LA NOTTE DI ALDO MORO (SE CI FOSSE LA LUCE SAREBBE BELLISSIMO)

a cura di Fulvio Baglivi

In occasione della messa in onda dello splendido Esterno notte di Marco Bellocchio (il 14-15-16 novembre su Rai Uno in prima serata) mandiamo in onda un’intera notte con opere ispirate e legate al rapimento e l’omicidio di Aldo Moro nel 1978. Ritorna il mastodontico lavoro di Ciro Giorgini, composto tra il 1998 e gli anni successivi, un montaggio che unisce la cronaca dei 55 giorni di rapimento a pezzi di TV più e meno legata alla politica, a commenti e approfondimenti della primavera ’78. In apertura della notte c’è il racconto di un un’opera musicale, Se ci fosse la luce sarebbe bellissimo di Blak Saagan, anche questa interamente ispirata e dedicata al “caso Moro”.

SE CI FOSSE LA LUCE SAREBBE BELLISSIMO

(Italia 2022, col., dur., 20’ circa)

Se ci fosse la luce sarebbe bellissimo è il titolo dell’album di Blak Saagan, preso dall’ultima lettera di Aldo Moro. Samuele Gottardello ha composto il disco, senza parole, come un viaggio nel “caso Moro” e la sua epoca, cercando di vedere più da vicino, come mostrano i due videoclip girati dallo stesso compositore, quel momento fatale dell’Italia repubblicana. 

LUOGHI DI MORO

(Italia, 1998, col., dur., 26’)

Di: Ciro Giorgini e enrico ghezzi

Da Via Montalcini a Via Caetani, il percorso della R4 rossa con dentro il cadavere di Moro rifatto e filmato venti anni dopo, in Vespa.

FUORI ORARIO – LA NOTTE DI ALDO MORO – 1 e 2 parte

(Italia 1998-2008, col., durata totale 246’)

Di: Ciro Giorgini

Lungo e articolato lavoro di Ciro Giorgini sugli ultimi cinquantacinque giorni del politico democristiano. Il “caso Moro” è uno degli argomenti cardine del lavoro di Ciro all’interno dell’archivio RAI, come e più di altre sue ricerche è un lavoro svolto in momenti diversi, con due moneti apicale nel ventennale prima (1998) e poi nel 2008, andando sempre più in profondità alla scoperta ogni volta di nuovi materiali, schegge, servizi, frammenti che compongono un’opera che si fa sempre più complessa proprio nell’illusione di farsi completa.

 

Venerdì 18 novembre dalle 1.35 alle 6.00

MODI DI VIVERE. IL DESIDERIO DELL’ARIA

Fulvio Risuleo e Marco Colli in dialogo a Fuori Orario 

a cura di Fulvio Baglivi Roberto Turigliatto

CONVERSAZIONE TRA FULVIO RISULEO E MARCO COLLI

A cura di: Fulvio Baglivi e Roberto Turigliatto

(Italia, 2022, col., dur. 20’ circa)

I due cineasti dialogano sulle loro idee di cinema, la reciproca stima, sui due film presentati nella notte di Fuori Orario. La conversazione è stata realizzata in occasione dell’uscita del nuovo film di Risuleo, Notte fantasma.

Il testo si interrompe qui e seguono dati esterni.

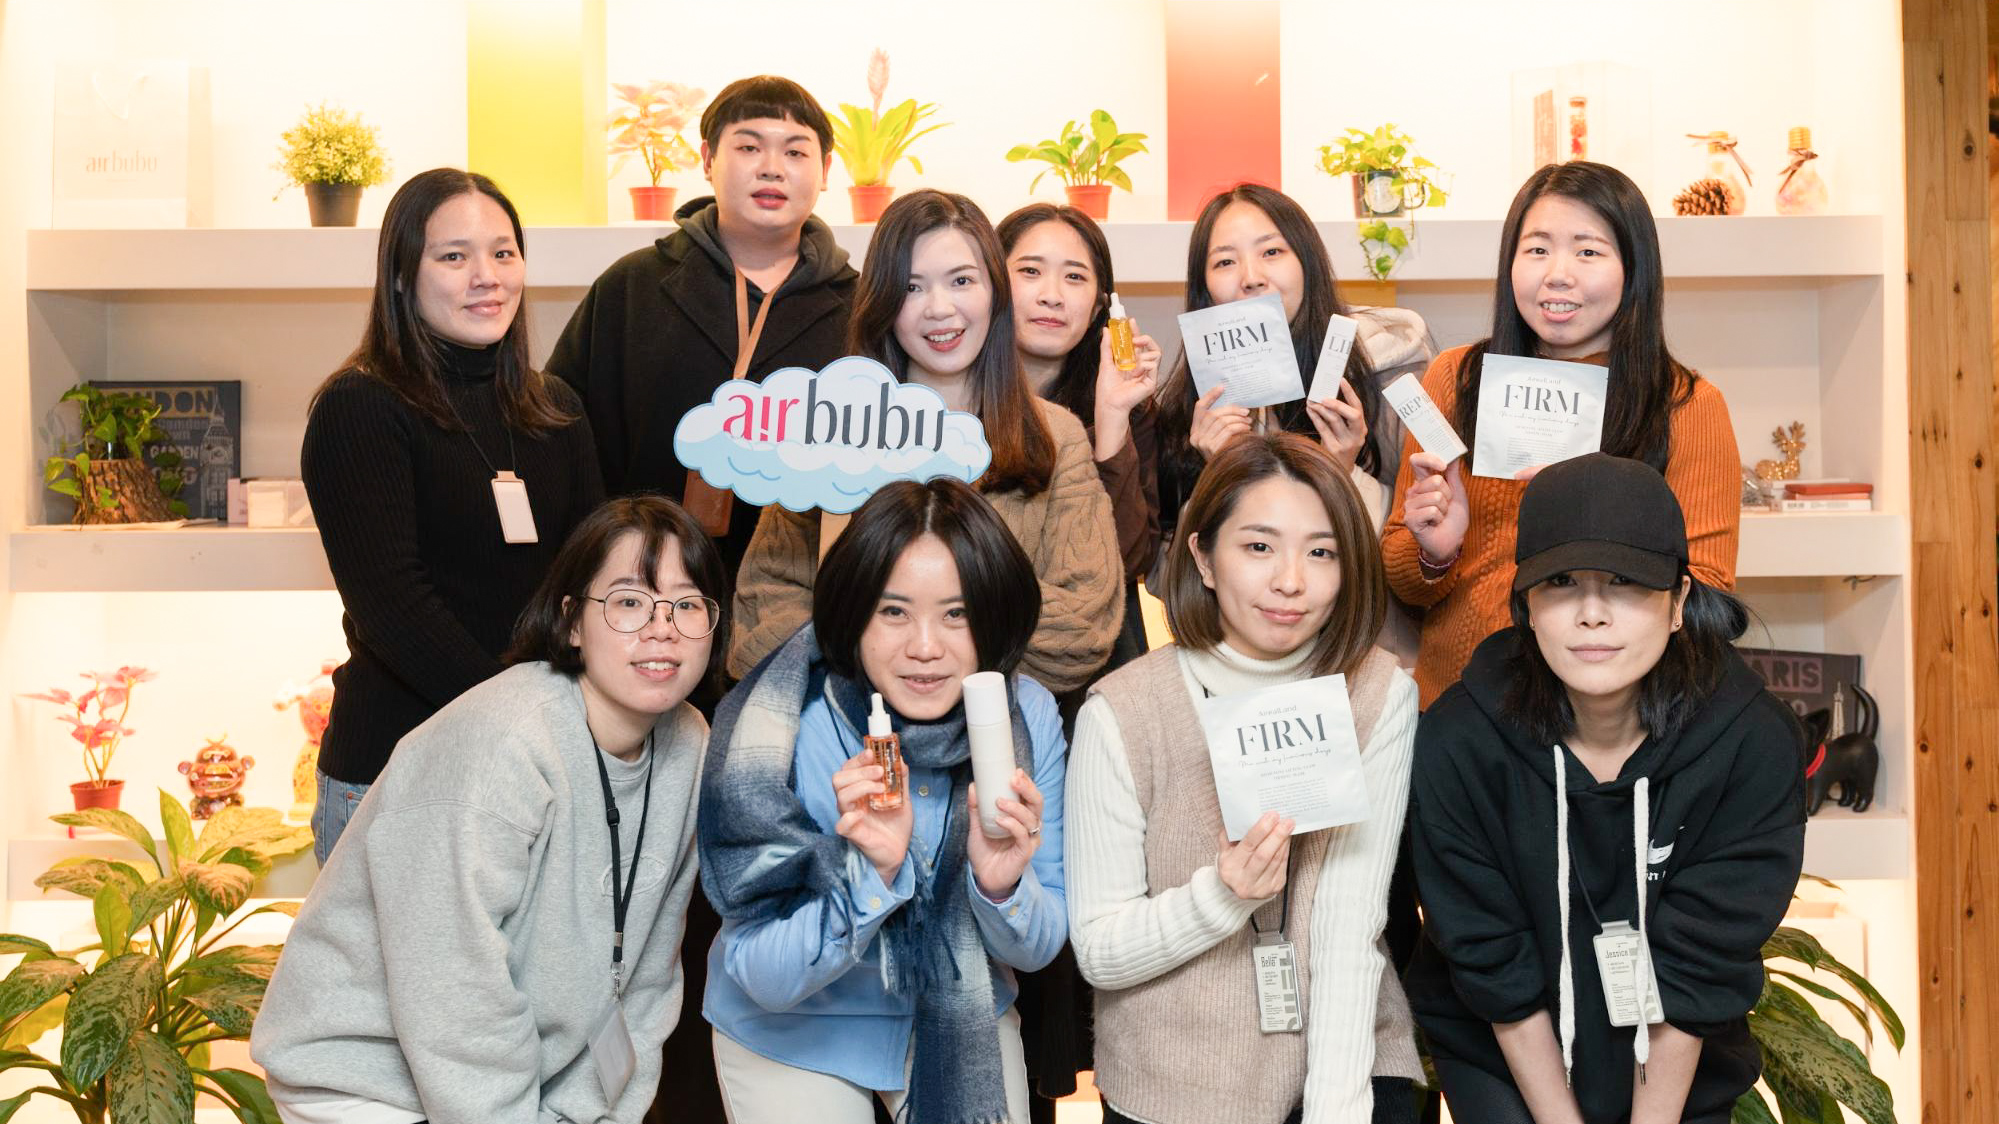 airbubu:行銷人跨界美妝,她靠什麼方法能在電商創立雙品牌?

GUARDA IN ALTO                      

(Italia, 2017, col., dur., 86’)

Regia: Fulvio Risuleo

Con: Giacomo Ferrara, Aurelia Poirier, Ivan Franek, Lou Castel, Claudio Spadaro, Emilio Gavira, Alida Calabria, Cristian Di Sante

Teco (interpretato da Giacomo Ferrara) è un fornaio dall’aria delusa che una mattina come tante si reca sul tetto dell’edificio in cui lavora per fumare una sigaretta. È incuriosito dal volare di un gabbiano che sembra muoversi diversamente dagli altri. Il gabbiano è un congegno meccanico che cela all’interno una mano mummificata. Da qui inizia per Teco (insieme alla nuova conoscenza Stella) un viaggio meraviglioso sui tetti di Roma, tra fughe, peregrinazioni, incontri bislacchi, cunicoli e labirinti:  “come fosse un mondo underground che …la creazione di un mondo inesistente ma realistico”, secondo le parole con cui il regista presenta  il film.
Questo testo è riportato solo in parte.